Renewable raw materials such as sugars Low molecular weight are found in the sector of lubricants but its potential as a component of the polyol for synthetic ester is an almost unexplored area, although they possess functions analogous to those of the aforementioned alcohols. However, thanks to their availability, the use of these raw materials in the field of hydraulic fluids and lubricants is very attractive, because of their natural origin they have great advantages in regards to rapid disintegration Biological and environmental tolerance.

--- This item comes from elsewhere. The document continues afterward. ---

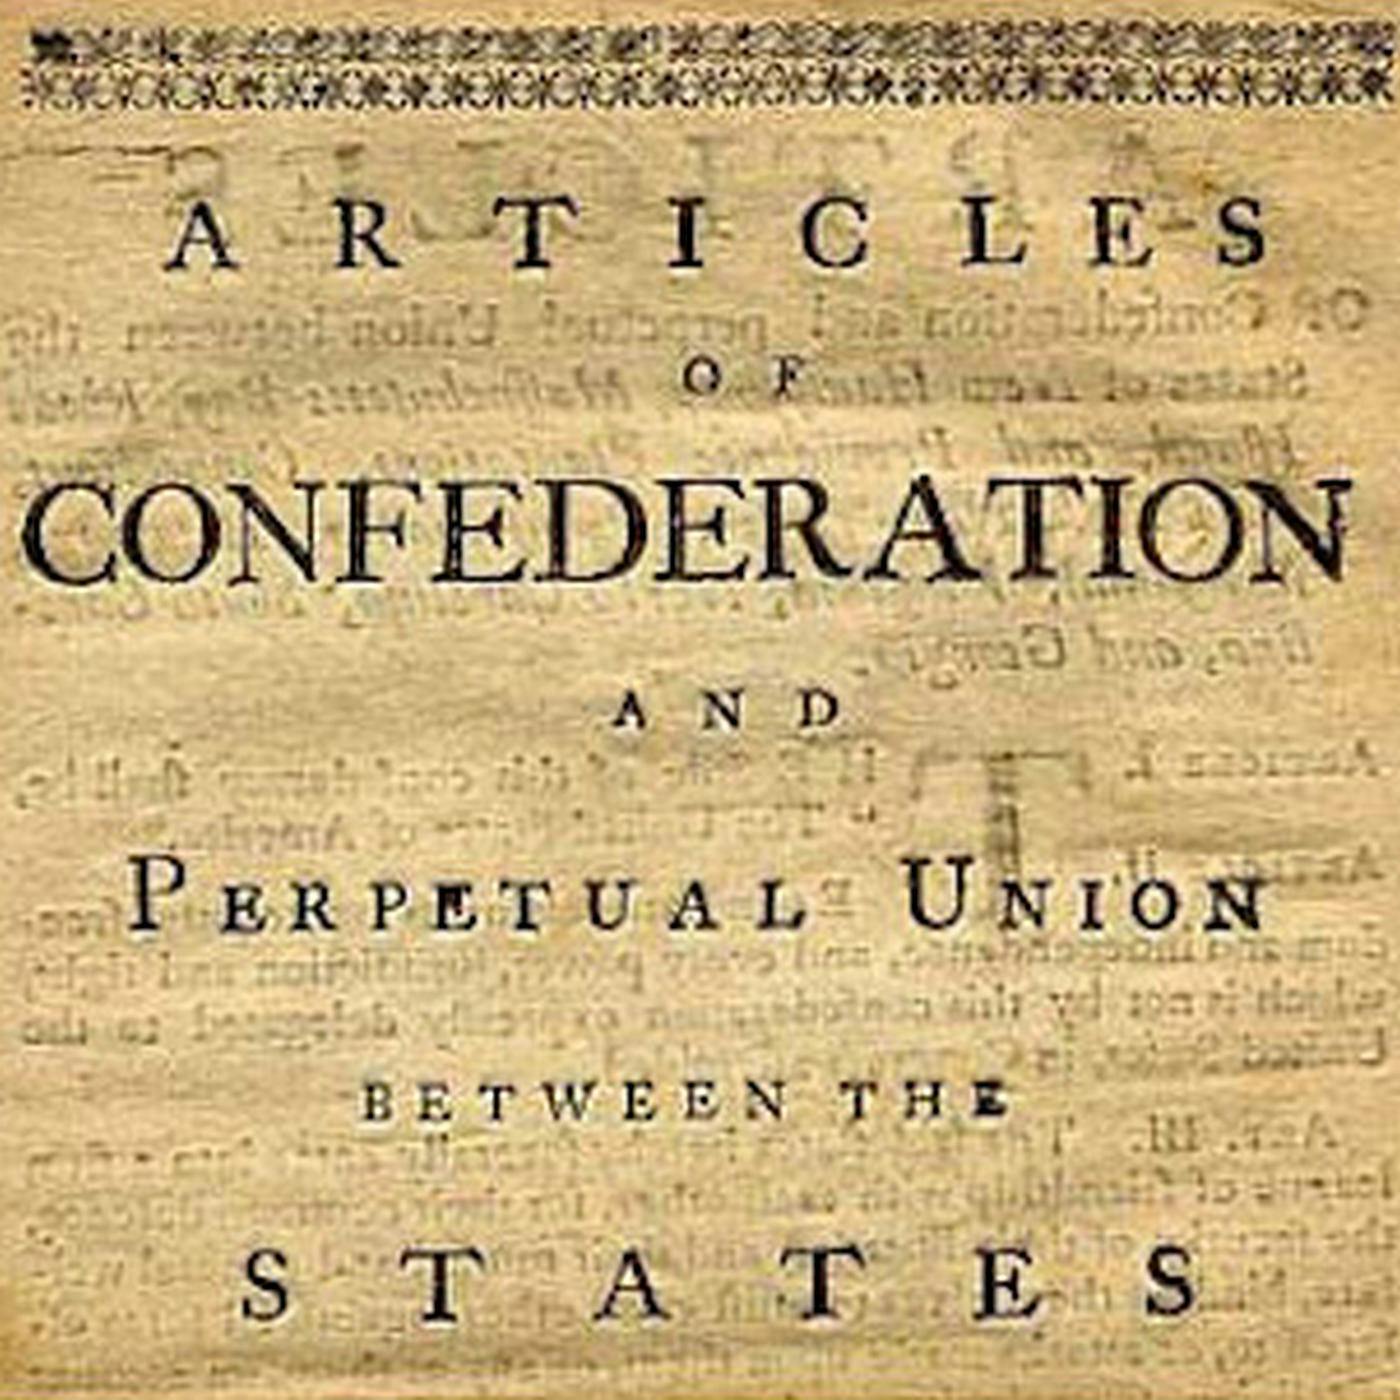 ARP169 Articles of Confederation

From EP 0 879 872 A1, formulas of non-toxic, biologically disaggregated lubricating oil, which They consist of an ester of a sugar and a fatty acid. The component of the polyester with a polyol group may include a sugar, a sugar alcohol or a mixture thereof, so that the component with the polyol group may present a partial degree or Total esterification. The non-toxic lubricating oil formula described must have a special application in the machines, which they employ in the food and agriculture industry or Well in the cosmetic and pharmaceutical industry.

EP 0 572 198 A1 describes compounds based on lubricating oil that can also be used for machines in charge of food manufacturing. The compounds are formed by a mixture of a first ester of a fatty acid saturated medium chain with glycerin (component A) and a second ester of a carboxylic acid with sucrose.

DE 42 29 383 C2 describes a lubricating agent edible to which esters are added that enhance the action lubricant based on fatty acids and higher alcohols. The additives to improve the lubricating action consist of at least two esters of edible alcohols with at least two groups of alcohols As alcohols, for example, the glycerin, pentaerythrite, arabitol, mannitol and sorbitol.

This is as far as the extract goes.